К аэродрому подходили по своим расчётам и по картинке на локаторе. Связь с диспетчером держали на УКВ, за 15 – 10 километров увидев полосу, заходили с прямой на курс посадки 77 градусов, оставляя на снижении горную цепь справа. Диспетчер, увидев наши включённые фары, давал разрешение на посадку. Если видимость была ограниченная дымкой, выходили на аэродром на высоте 1000 метров, рядом была гора высотой 505 метров, увидев под собой полосу, делали малый круг со снижением и производили посадку. Приземляли корабль в начале полосы, стремясь как можно мягче касаться бетона. На пробеге была сильная тряска из-за неровных заплаток, где были воронки. Но Ту-154 и не такое выдерживал.

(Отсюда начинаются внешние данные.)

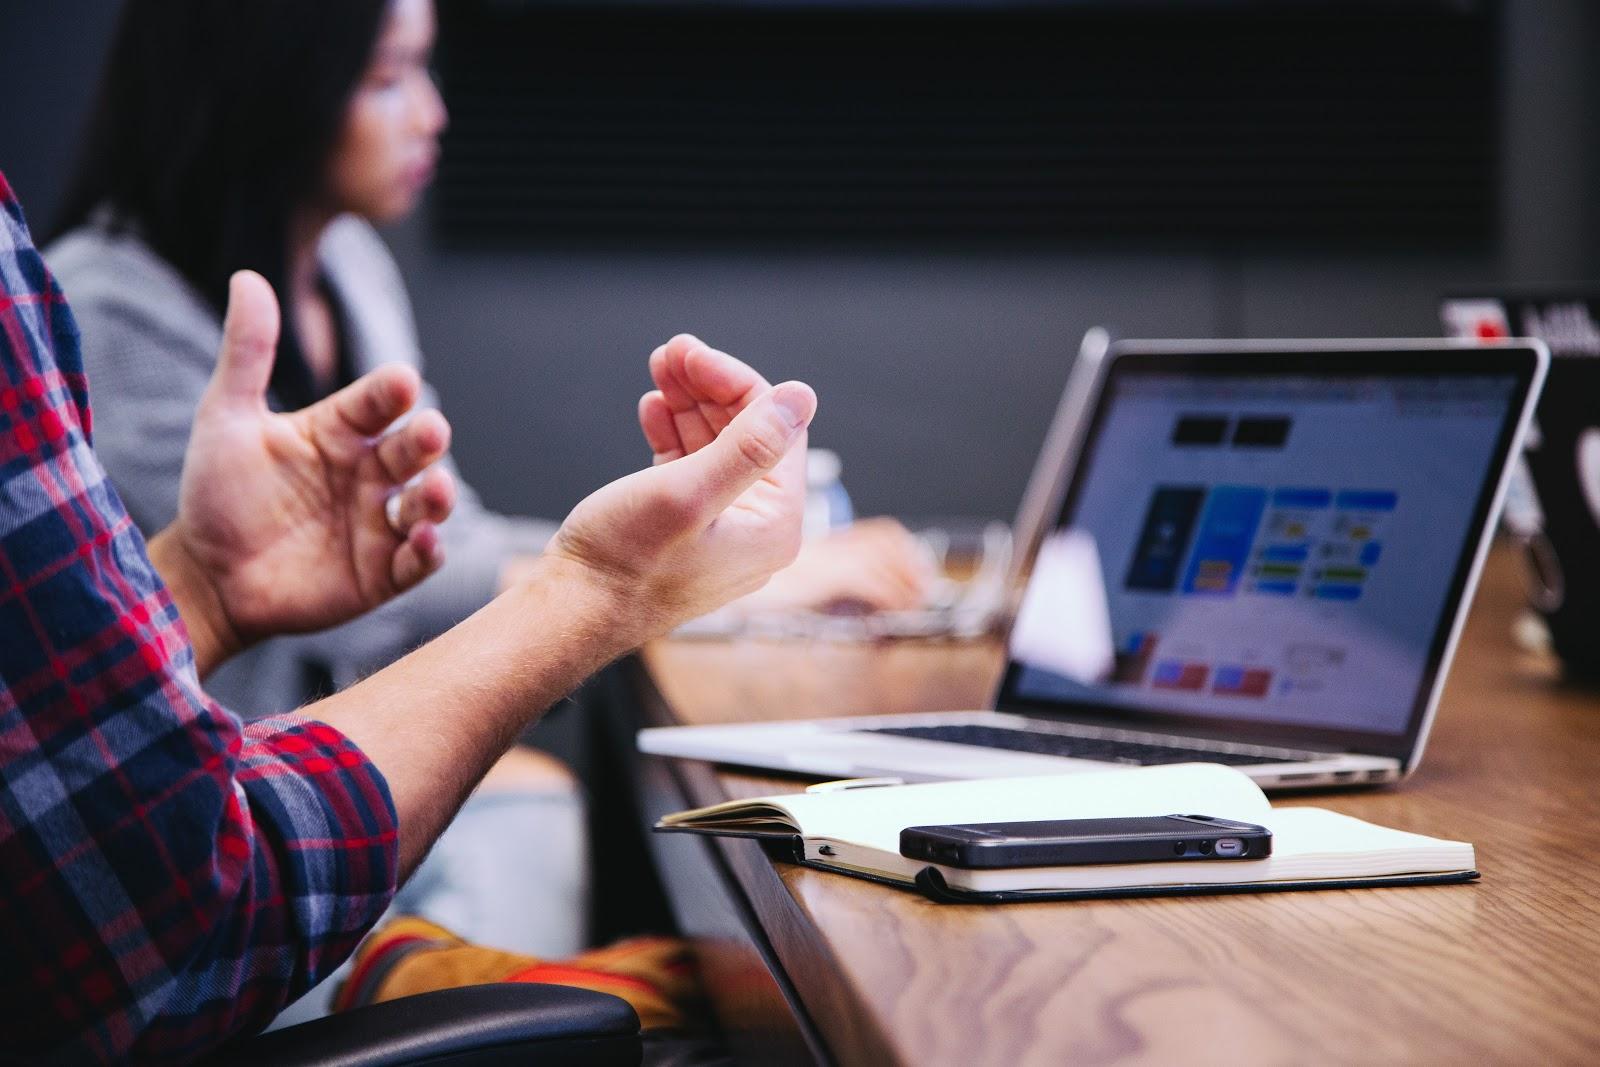 Uma mão fazendo gestos de explicação em uma mesa.

Заруливали на стоянку осторожно, чтобы не задеть куски бетона и не попасть в ямы от снарядов, они были обозначены флажками.
Первыми рейсами доставляли медикаменты, палатки, пищу и всё необходимое. Вернулись так же некоторые работники посольства и специалисты.
Кругом были следы войны, разбитая техника, разрушенные дома. Вилла, где жили экипажи, была тоже разрушена до основания. Так что выезд экипажа на пляж спас их от неминуемой гибели.
И, тем не менее, мы продолжали полёты в Аден, так как в лётном отряде было много рейсов с эстафетой в этой стране. С Адена мы продолжали рейсы в Сомали, Кению, Танзанию, Мозамбик, Мадагаскар и Эфиопию.
Ночная посадка по кострам.
Опыт – основа надёжности полёта.
Массовый героизм гражданских лётчиков
В годы ВОВ (1941 – 1945 гг.)
Вскоре после этих событий я попал ещё в одну непредсказуемую ситуацию в Адене.
Дело было так. Мы возвращались из Дар-эс- Салама, столицы Танзании, погода была хорошая, но в районе экватора мы встретились с тропическим фронтом. Он заставил нас уйти от восточных берегов Африки в Индийский океан, где мы благополучно обошли грозы и взяли курс на Могадишо. На борьбу с грозной небесной стихией у нас ушло двадцать минут лётного времени. После пролёта Могадишо полёт был спокоен в чистом безоблачном небе. С юга на север пересекли Сомали, под нами Бербера – сомалийский морской порт, что на юге Аденского залива. На другой стороне залива город Аден, в сторону которого мы начали снижение.
Вечерело. Солнце скатывалось на край неба. Светлого времени, по докладу штурмана Фёдора Преснякова, оставалось полтора часа. Мы спешили. Снижались на максимальной скорости, зная, что экипаж, который сменит нас, должен взлететь засветло. Ночью аэродром не работал.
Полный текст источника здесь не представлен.